There are several well-studied models of learning in learning theory (e.g., PAC learning, online learning, exact learning with membership/equivalence queries).

For example, in PAC learning, the sample complexity of a concept class has a nice combinatorial characterization in terms of the VC dimension of the class. So if we want to learn a class with constant accuracy and confidence, this can be done with $\Theta(d)$ samples, where $d$ is the VC dimension. (Note that we're talking about sample complexity, not time complexity.) There is also a more refined characterization in terms of the accuracy and confidence. Similarly, the mistake bound model of online learning has a nice combinatorial characterization.

Question:

I want to know if a similar result is known for the model of exact learning with membership queries. The model is defined as follows: We have access to a black box which on input $x$ gives you $f(x)$. We know $f$ comes from some concept class $C$. We want to determine $f$ with as few queries as possible.

Is there a combinatorial parameter of a concept class $C$ that characterizes the number of queries needed to learn a concept in the model of exact learning with membership queries?

What I know:

The best such characterization I have found is in this paper by Servedio and Gortler, using a parameter they attribute to Bshouty, Cleve, Gavaldà, Kannan and Tamon. They define a combinatorial parameter called $\gamma^C$, where $C$ is the concept class, which has the following properties. (Let $Q_C$ be the optimal number of queries needed to learn $C$ in this model.)

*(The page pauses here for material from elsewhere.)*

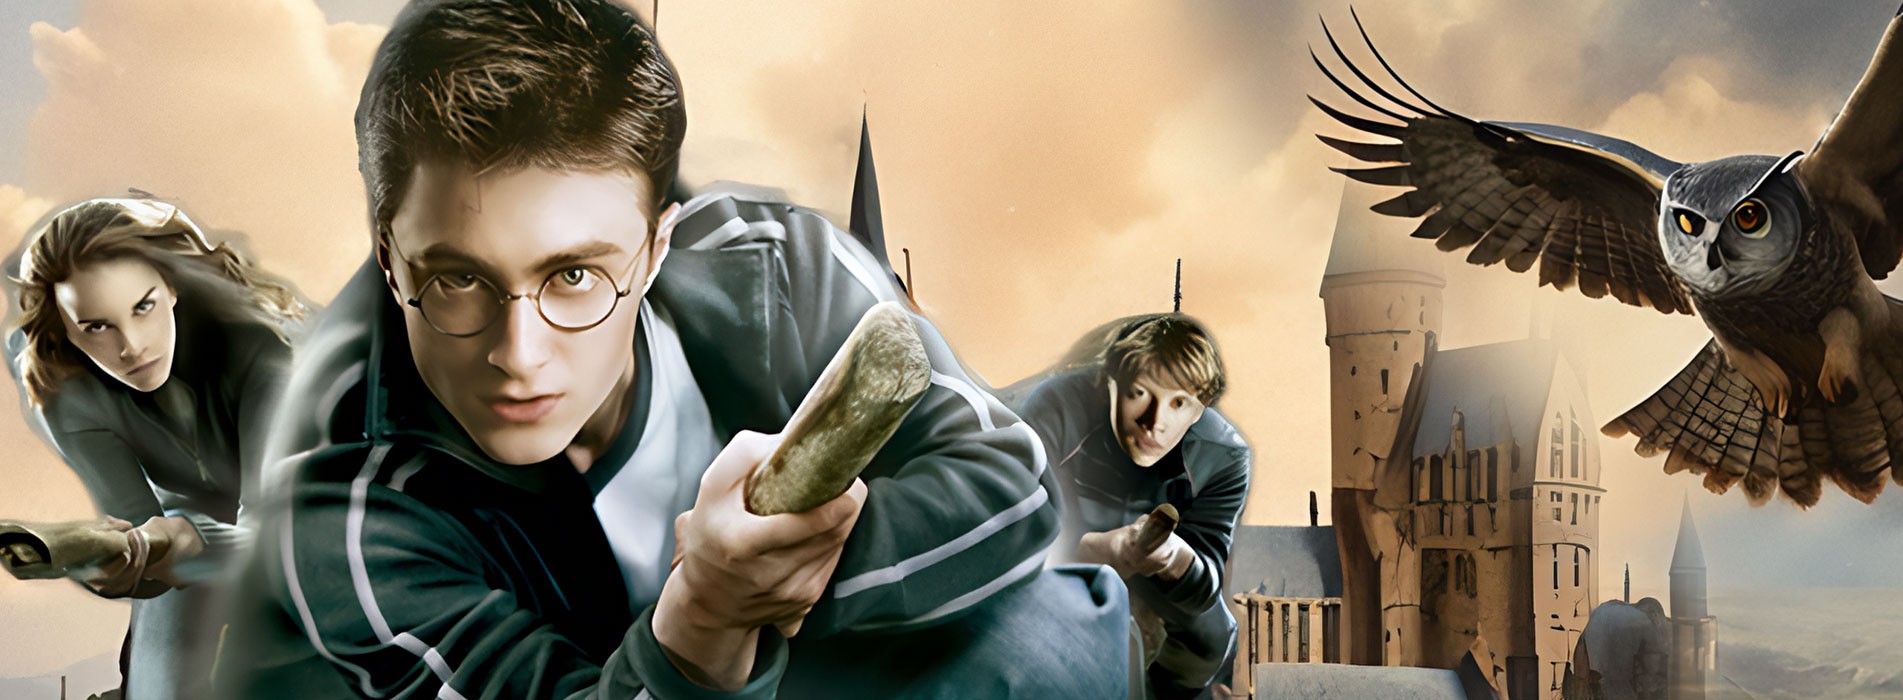 Harry Potter - מוצרי הארי פוטר

$Q_C = \Omega(1/\gamma^C)\qquad Q_C = \Omega(\log |C|) \qquad Q_C = O(\log |C|/\gamma^C)$

This characterization is almost tight. However, there could be a quadratic gap between the upper and lower bounds. For example if $1/\gamma^C = \log |C| = k$, then the lower bound is $\Omega(k)$, but the upper bound is $O(k^2)$. (I also think this gap is achievable, i.e., there exists a concept class for which the lower bounds are both $\Omega(k)$, but the upper bound is $O(k^2)$.)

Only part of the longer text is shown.